Thursday, May 10, 2007

Closure Issues

So it's about 100 degrees outside, and you put a bottle of lovely French Sancerre in the fridge so that when you get home you can sit with a cool glass of white wine, letting the condensation drip down onto your hot little fingers and putting the cares of the day behind you.

Then the corkscrew slips into the cork and you realize you have a problem. The cork is spongy. This is not a good sign. You manage to get it out and there is the distinctive whiff of wet dog and old wet newspapers. This is also not a good sign. You taste it and it tastes of wildlife and old, wet newspapers.

You've just had closure issues. Everyone in California has issues, or so they say in New York. But when a bottle of wine is not sealed properly, all kinds of nastiness creeps into what would otherwise be your after work treat.

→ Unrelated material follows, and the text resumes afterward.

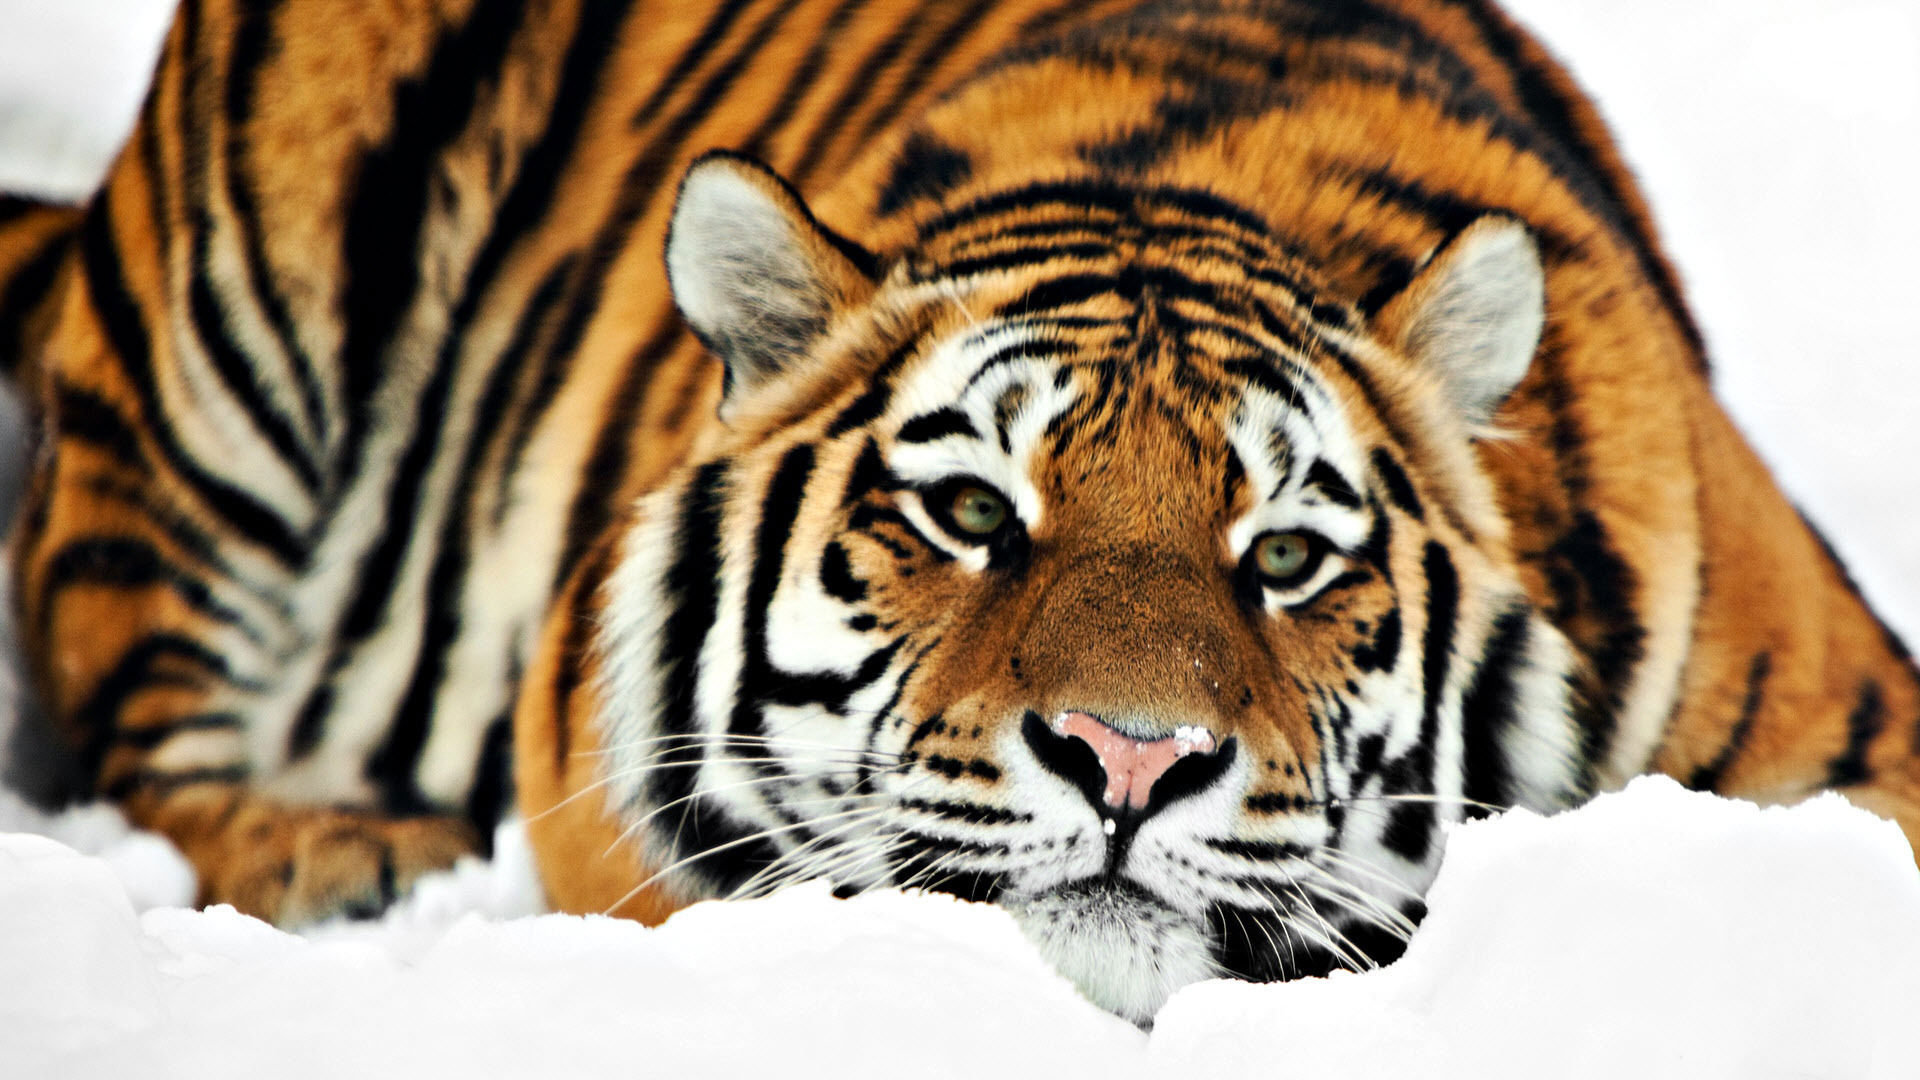 animals, Cats, Tigers, Winter, Snow, Seasons, Stripes, Color, Contrast, Orange, Pattern, Face, Eyes, Whiskers Wallpaper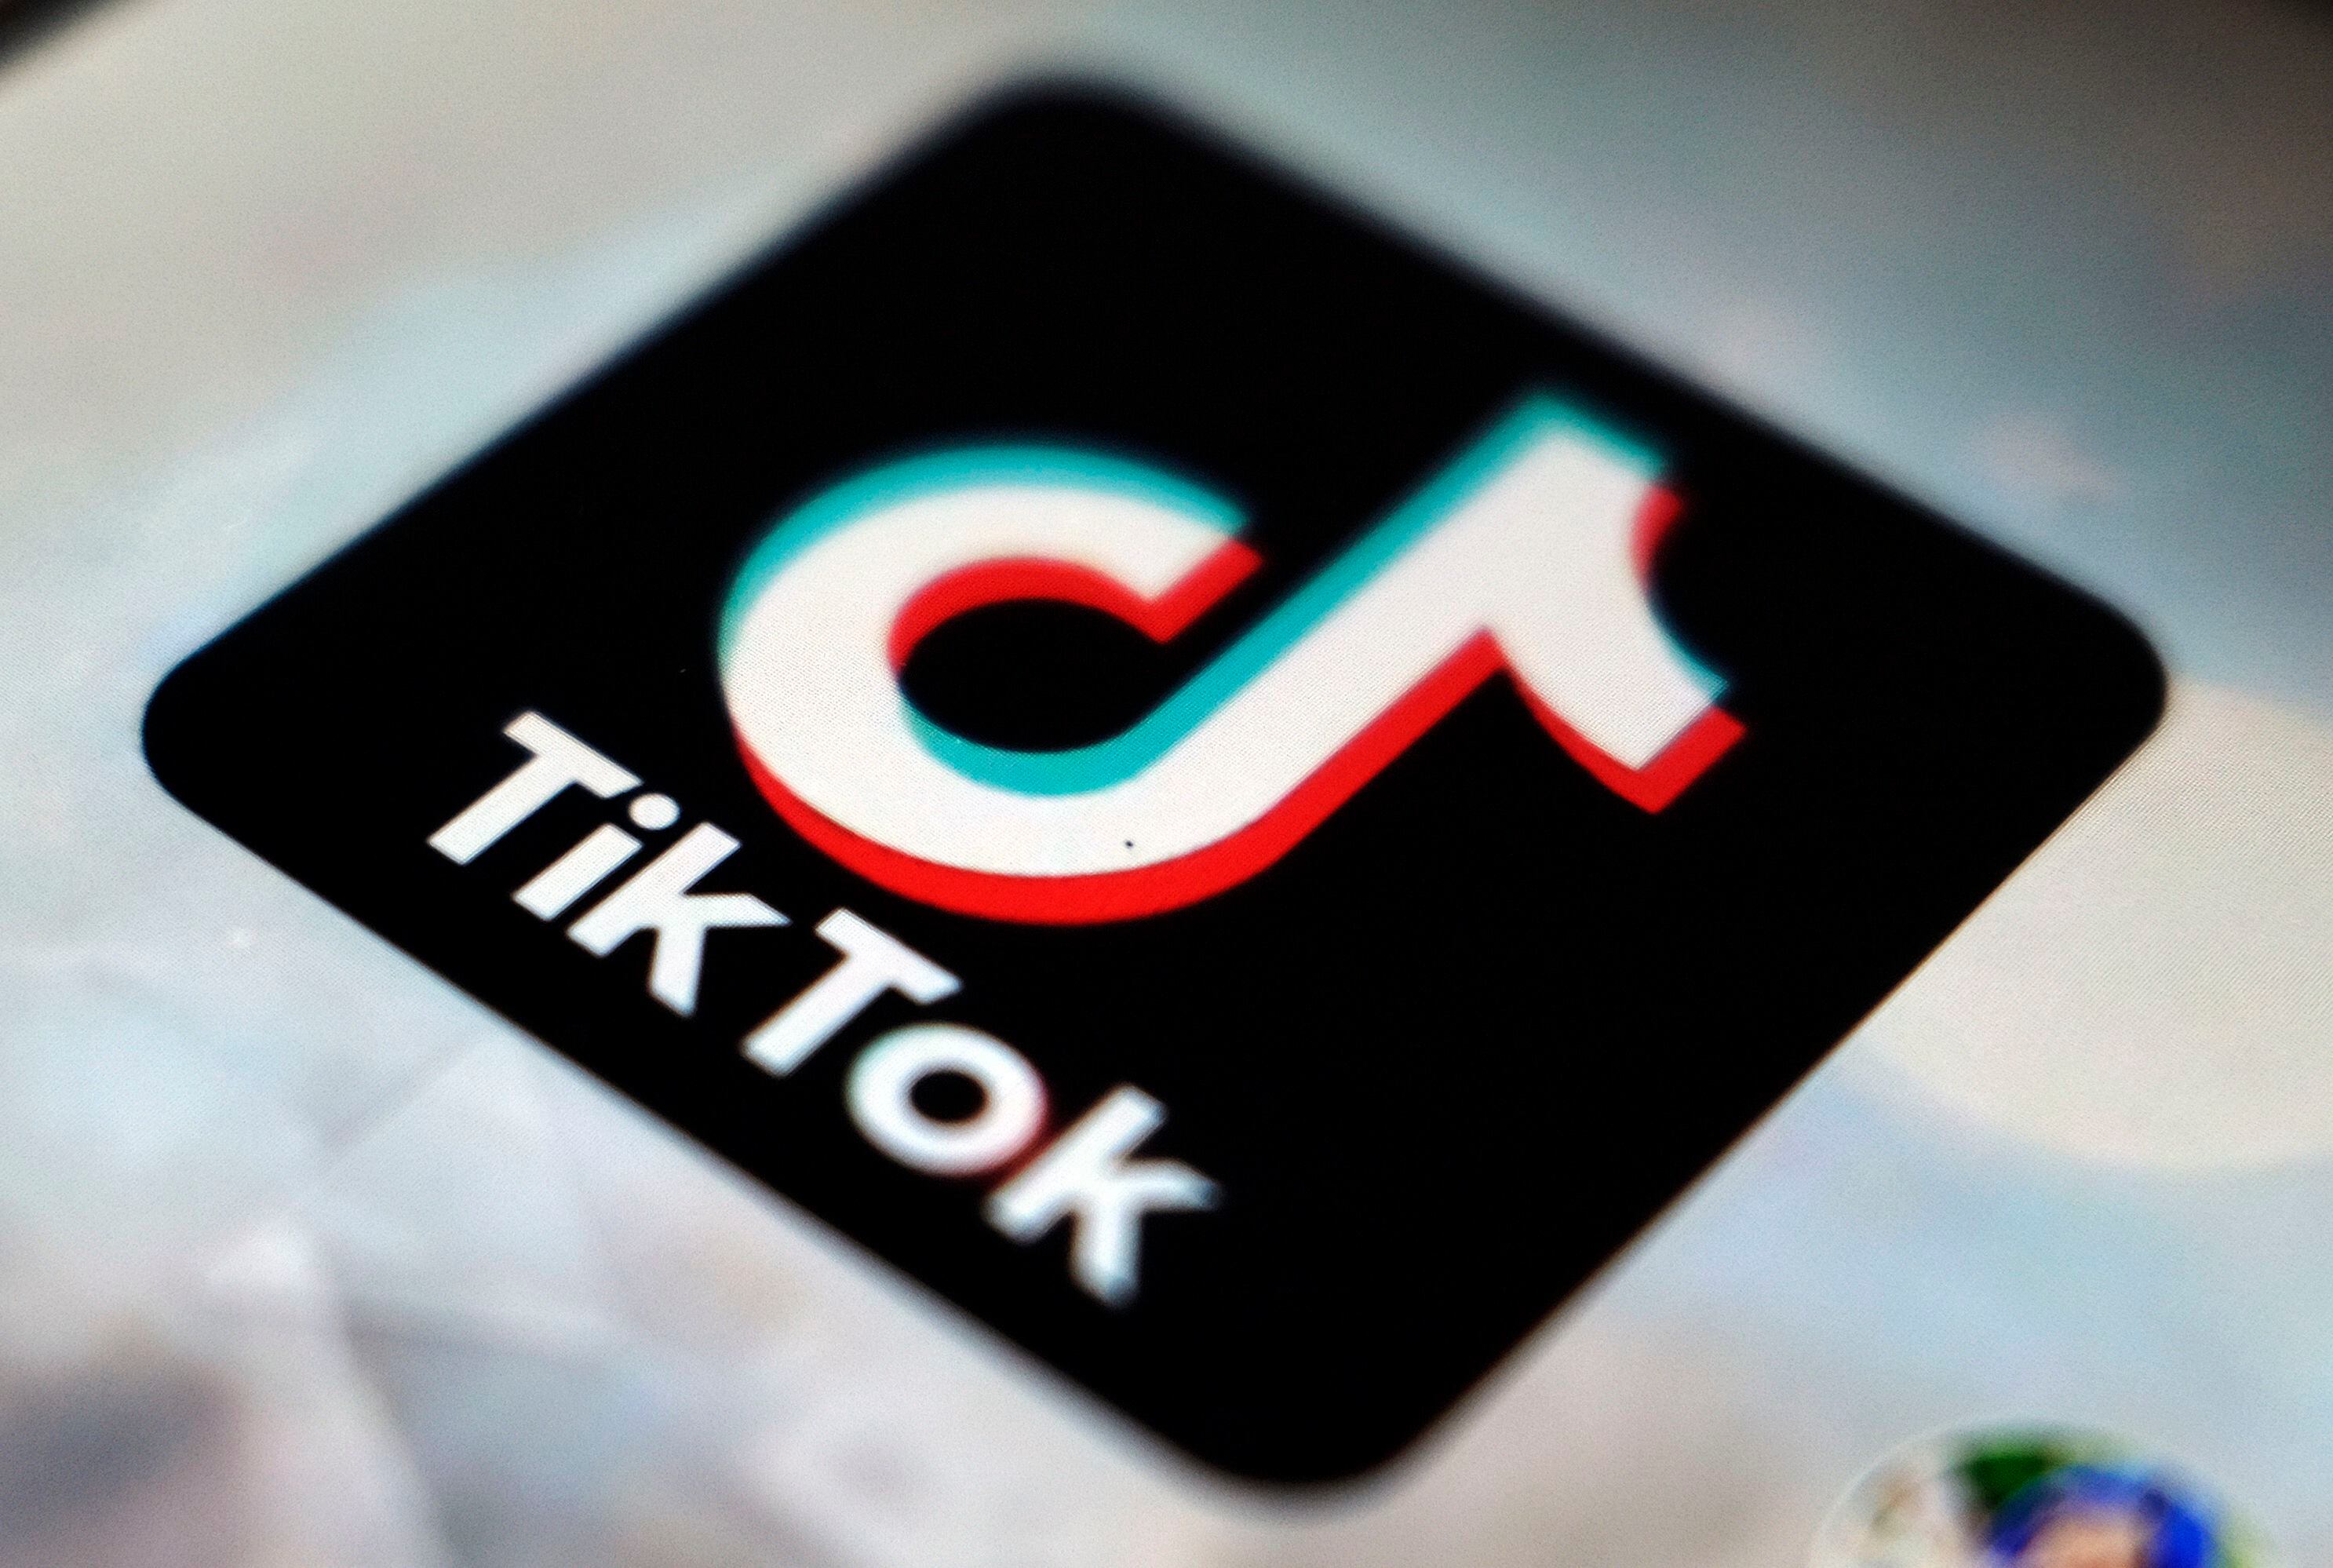 President Biden has signed a law that gives ByteDance up to a year to fully divest from TikTok, or face a nationwide ban.

There is nothing like closure issues to make the most steadfast, cork-loving, traditionalist take a dramatic left turn towards the land of screw-tops, glass stoppers, synthetic corks, and crown caps. So I quickly stuck a bottle of champagne into the fridge, determined not to be foiled by another corked bottle of wine (at least not tonight).

It was the 2000 Domaine Chandon Etoile Brut ($27.99, Beverages and More), which was capped with a crown-style bottle cap like those you would find on beer. This was a first for me. Though gussied up with a ribbon, this closure simply does not scream romance. But it did mean that I could open up my sparkler without worrying that it was going to smell of wildlife. Tainted wine, it turns out, is even less romantic than a crown-cap.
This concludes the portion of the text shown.